A widely followed crypto analyst is warning against Bitcoin after BTC failed to breakout and fell to the $66,000 range early Monday.
In a new video update, cryptocurrency strategist Benjamin Cowen tells his 818,000 YouTube subscribers that Bitcoin is showing similarities to the 2019 correction.
“Even if Bitcoin starts to decline, even if it cannot break out of this situation, [resistance around $70,000]if that starts to fade, we'll start to see more similarities to 2019…not necessarily going in that direction, what happened when Bitcoin broke out. [in 2019]there had already been a 75 basis point rate cut and QE (quantitative easing). Now that's not really the case. ”
Cowen suggested further Fed rate cuts may be needed to push Bitcoin above resistance.
“If Bitcoin gets rejected for some reason and people wonder what the heck is going on, I think you just come back to this and say, well, maybe we need another rate cut. , perhaps quantitative easing may be necessary to achieve higher prices.''
At the time of writing, Bitcoin was trading at $66,948, down 2.4% in the past 24 hours.

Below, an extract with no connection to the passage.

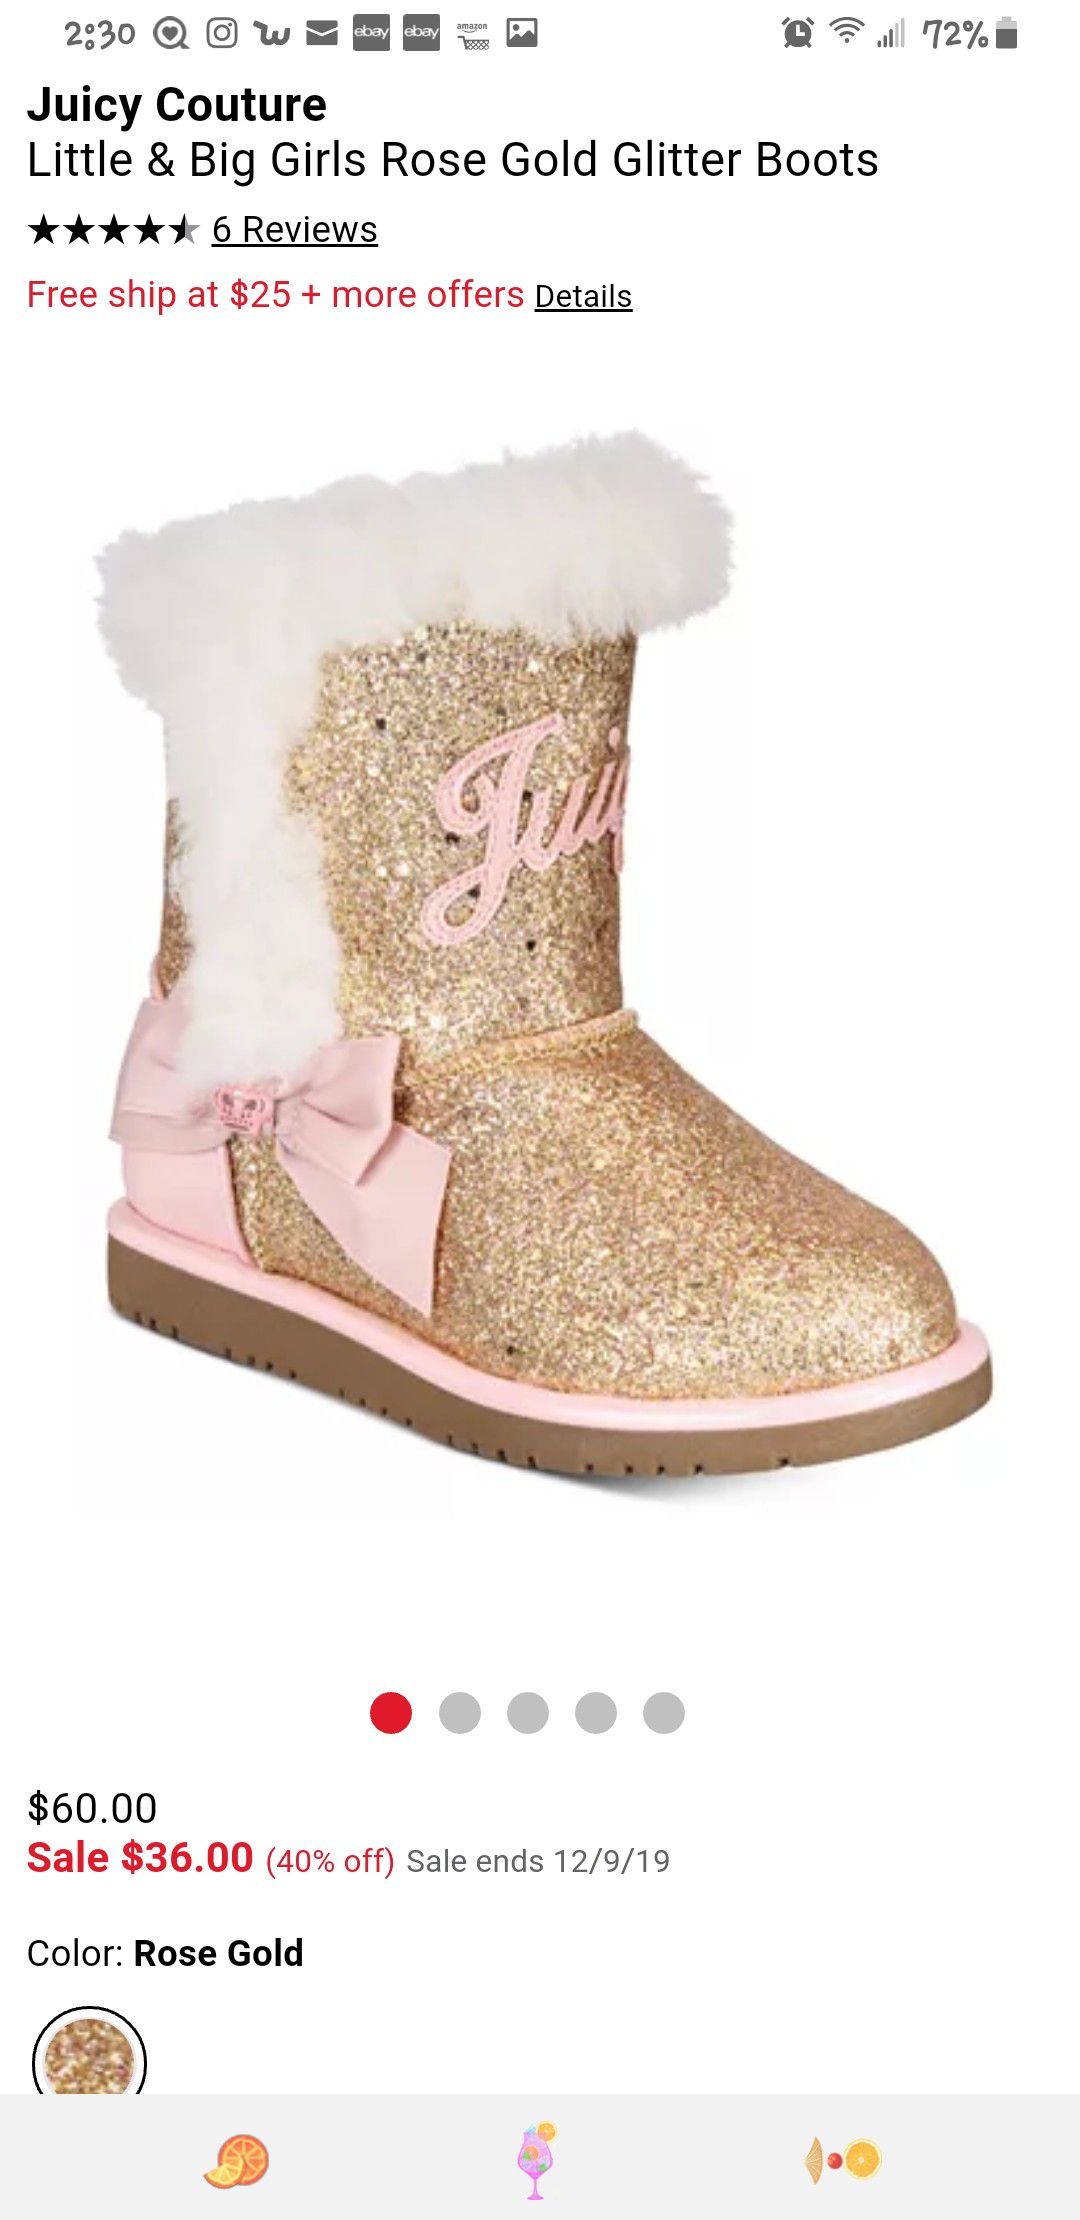 Warm Juicy Couture Little & Big Girls Rose Gold Glitter Boots toddler girl size 8

Looking ahead to the rest of the year, Cowen told his 869,100 followers on social media platform X that Bitcoin (BTC.D) dominance could reach 60% within three months. . BTC.D tracks the percentage of cryptocurrency market capitalization held by Bitcoin.
“After the first rate cut, I said BTC dominance would spike to 59%, then pull back and eventually slowly fall to 60% by EOY (end of the year). This path is still on track. I think BTC's advantage will be 60% by EOY.
The analyst also focuses on the US Dollar Index (DXY), a benchmark for the value of the US dollar relative to a basket of other widely traded global currencies.
A rise in DXY could signal increased selling pressure on Bitcoin and other digital assets as investors may move their funds into the dollar.
“For another week, DXY will continue to rise. So many people were convinced that DXY would crash a few weeks ago. I think it will continue to rise until EOY and fall in 2025.”